Forward-looking statements are based on current expectations and assumptions
that are subject to risks and uncertainties which may cause actual results to
differ materially from the forward-looking statements. Our ability to predict
results or the actual effect of future plans or strategies is inherently
uncertain. Factors which could have a material adverse effect on our operations
and future prospects on a consolidated basis include, but are not limited to:
changes in economic conditions, legislative/regulatory changes, availability of
capital, interest rates, competition, and generally accepted accounting
principles. These risks and uncertainties should also be considered in
evaluating forward-looking statements and undue reliance should not be placed on
such statements. We undertake no obligation to update or revise publicly any
forward-looking statements, whether as a result of new information, future
events or otherwise. Further information concerning our business, including
additional factors that could materially affect our financial results, is
included herein and in our other filings with the SEC.
Overview
AB International Group Corp. (the "Company", "we" or "us") was incorporated
under the laws of the State of Nevada on July 29, 2013 and originally intended
to purchase used cars in the United States and sell them in Krygyzstan. The
Company's fiscal year end is August 31.
We are an intellectual property (IP) and movie investment and licensing firm,
focused on acquisitions and development of various intellectual property,
including the acquisition and distribution of movies. We have a Patent License
to a video synthesis and release system for mobile communications equipment, in
which the technology is the subject of a utility model patent in the People's
Republic of China. We had launched a business application (Ai Bian Quan Qiu)

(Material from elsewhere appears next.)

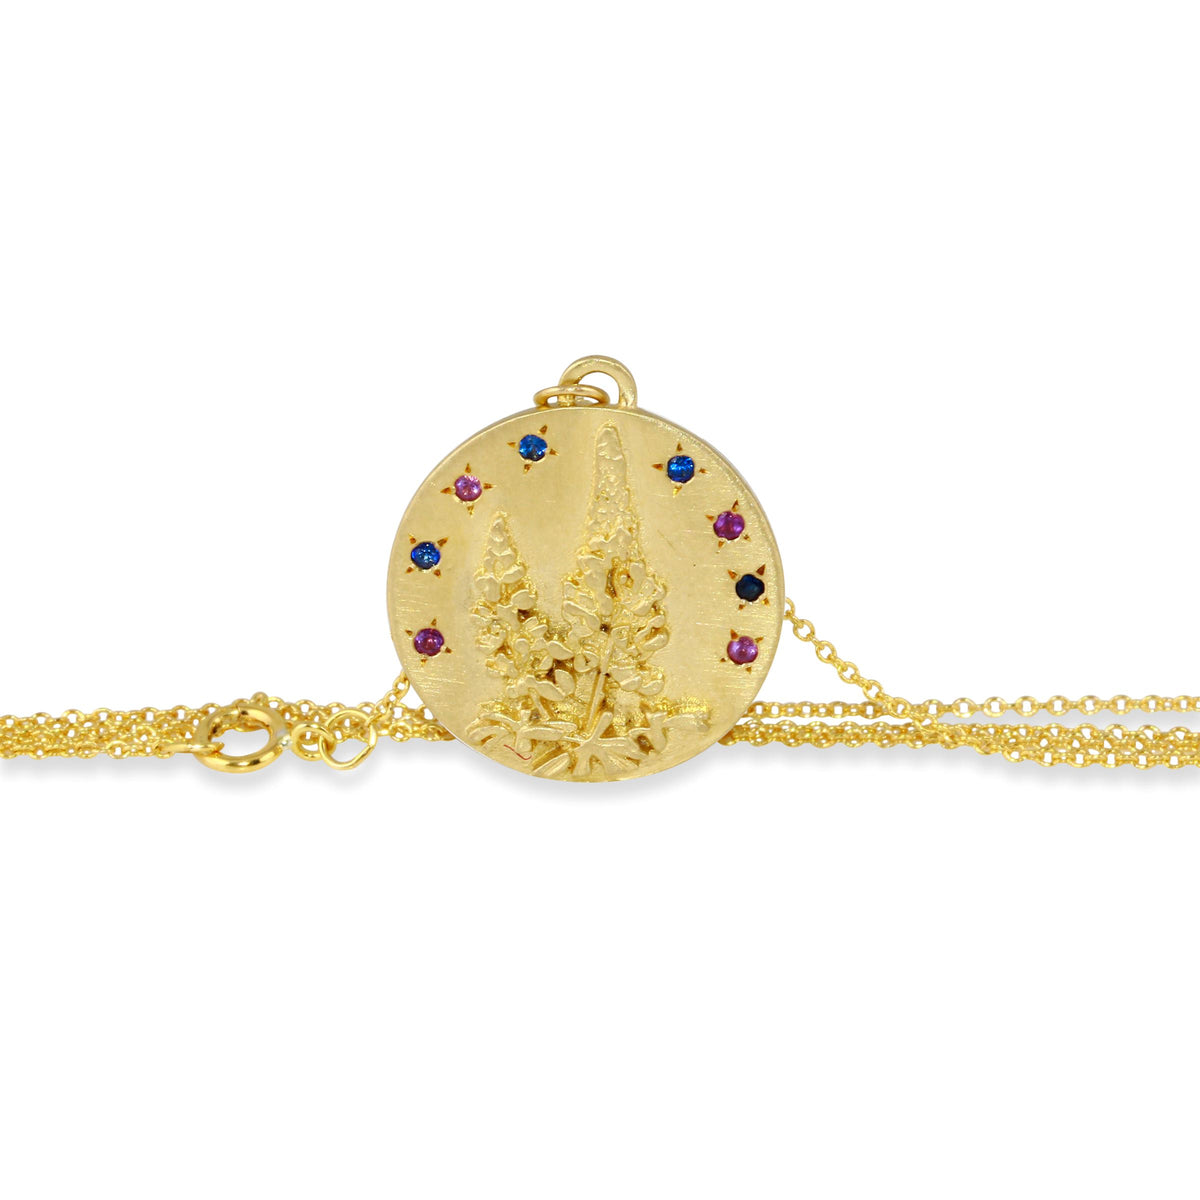 Lupine Flower Amethyst and Sapphire Necklace - 14k gold | Talisman Collection necklace Amanda K Lockrow

through smartphones and official social media accounts based on WeChat platform
in February 2019, utilizing Artificial Intelligence, it is a matching platform
for performers, advertiser merchants, and owners for more efficient services. We
generate revenues through an agency service fee from each matched performance.
Due to the quarantine and continuous control imposed by the state and local
governments in areas affected by COVID-19, merchant advertising events have been
suspended for 7 months. The Company decided to suspend the Ai Bian Quan Qiu
platform, which, at the time, created an adverse impact on the business and
financial condition and hampered its ability to generate revenue and access
sources of liquidity on reasonable terms. Starting in January 2021, however, the
Company started generating movie box-office revenue from the movie "Ai Bian Quan
Qiu" as a result in the easing of COVID-19 restrictions.
On April 22, 2020, the Company announced the first phase development of its
video streaming service. The online service will be marketed and distributed in
the world under the brand name ABQQ.tv. The Company's professional team are
sourcing such dramas and films to provide video streaming service on the
ABQQ.tv. The video streaming website www.ABQQ.tv was officially launched on
December 29, 2020. As of November 30, 2021, the Company acquired 59 movie
broadcast rights. The Company will continue marketing and promoting the ABQQ.tv
website through GoogleAds and acquire additional broadcast rights for movies and
TV series, and plan to charge subscription fees once the Company has obtained at
least 200 broadcast rights of movie and TV series.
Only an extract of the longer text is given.